The problem with businessmen

I was reading this quote from an Activision exec:

It’s up to them to win the value argument. If you do a focus group of a gazillion people and you show them two prices for two competitive products, 100 percent always prefer the lower price. I think from a first impression standpoint the win goes to Sony, at least as it relates to pricing. Microsoft is going to have to win the hearts and minds and convince people that the higher price point is worth it, and that it provides really meaningful capabilities that will be meaningful to consumers. And it’s a long game, so I am sure that’s what they intend on trying to do.

While it’s not coming from Microsoft, you can imagine that it’s the mantra everyone repeats over there: we must convince people that our product is better!

That’s the epitome of what’s wrong in business management. All their efforts go into CONVINCING PEOPLES.

If they actually were building a console that they wanted to sell, “convincing people” would be a secondary objective. It’s very obvious for one who still has contact with reality, that the best way for Xbox to win back customers without changing that price is about delivering a BETTER product.

They’d do their best to have a smooth and fast interface, hassle free, with the customer in mind. They’d have an online infrastructure that is rock solid and never gets in the way. If they handle all this better than Sony, and if they are able to offer a BETTER SERVICE, then “convincing peoples” comes naturally.

People buy your product, are pleased by what they find, spread their opinion.

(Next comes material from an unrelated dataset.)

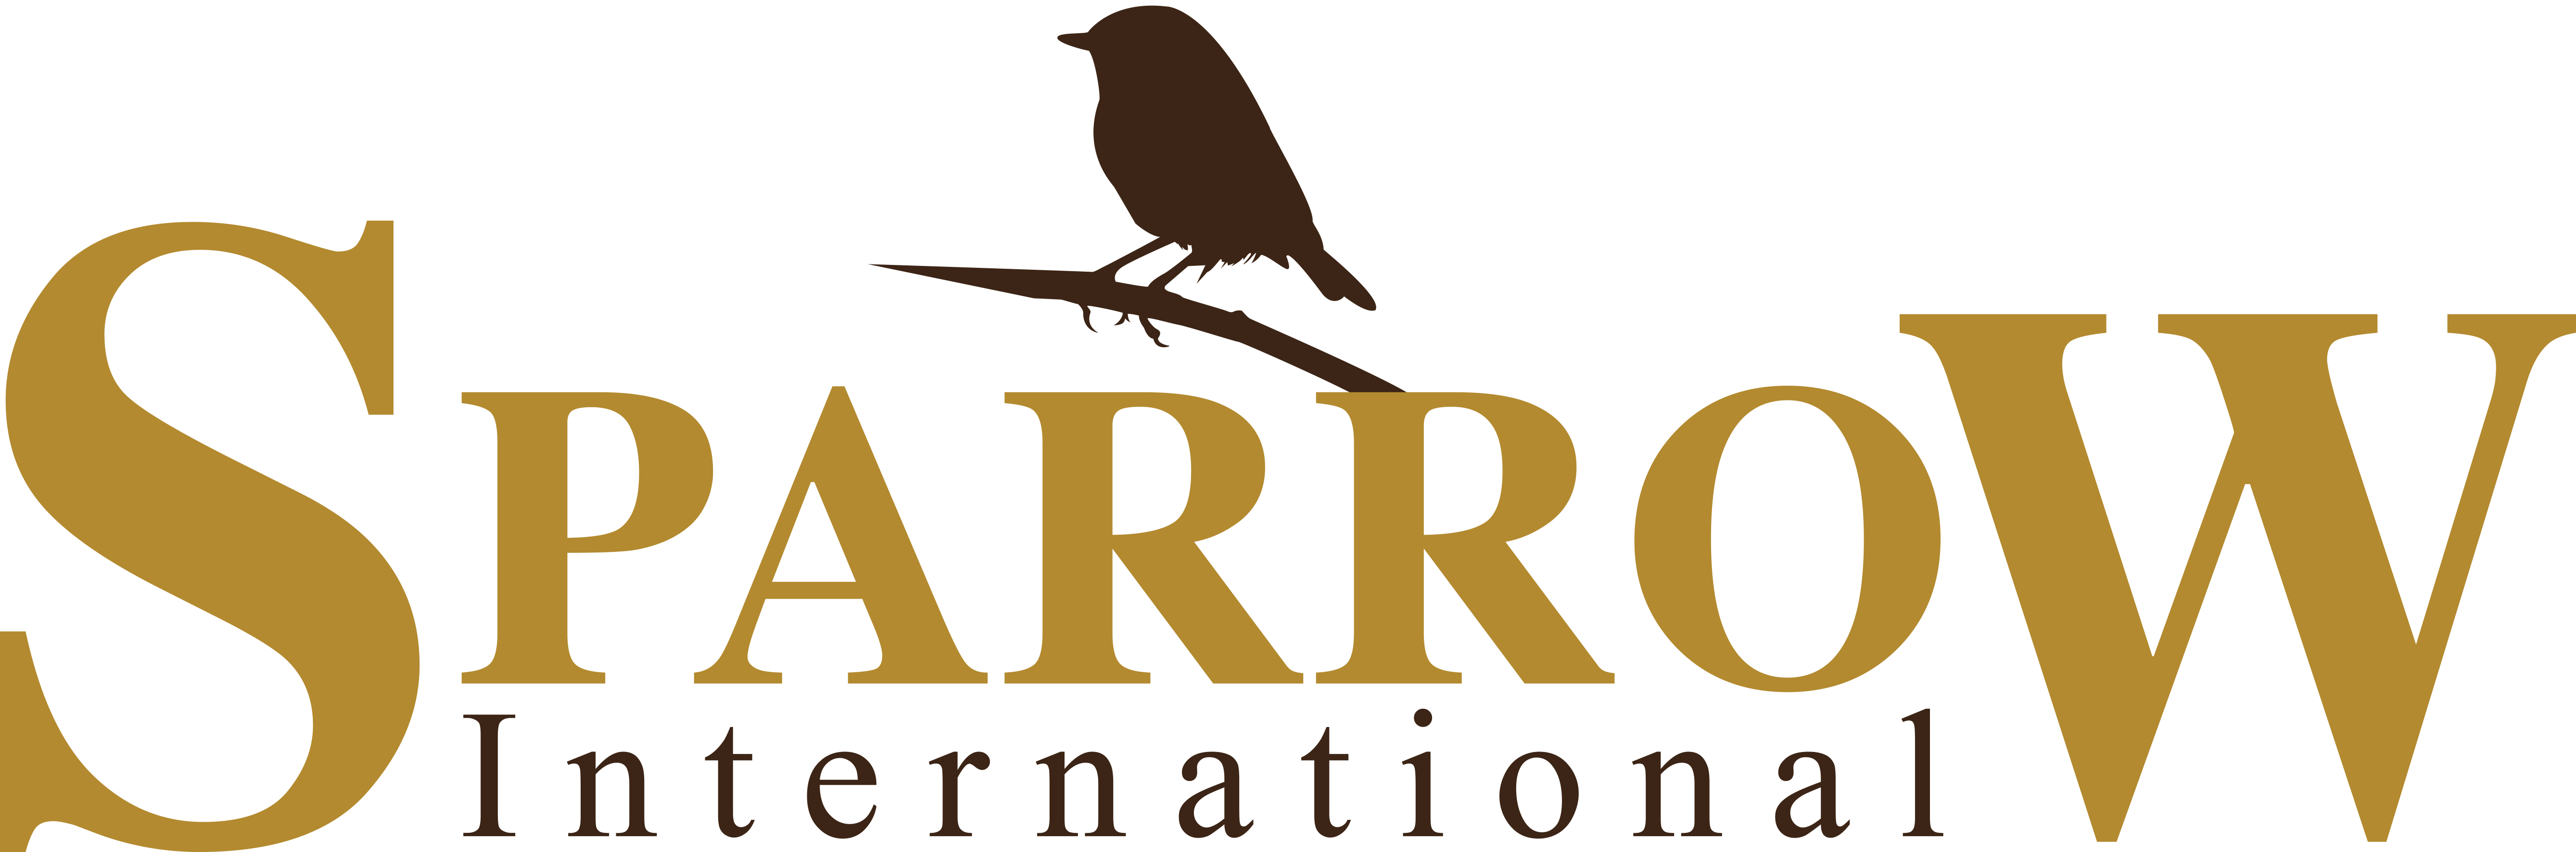 All brand logos footer image - Sparrow International coffee machine supplier in dubai

But nope. Being a businessman means seeing the world ass-backwards. They’ll try to persuade you the Xbox is a better product through marketing.

What happened with the Xbox in the last couple of weeks is instead the actual PROOF that you can’t convince people. These last weeks have demonstrated that this strategy IS A FAILURE. They tried as hard as possible to convince us how NEXT GEN the Xbox was, and how all its limits were indispensable to go INTO THE FUTURE.

Did it work?

Did they learn?

What’s the new strategy? Convincing people.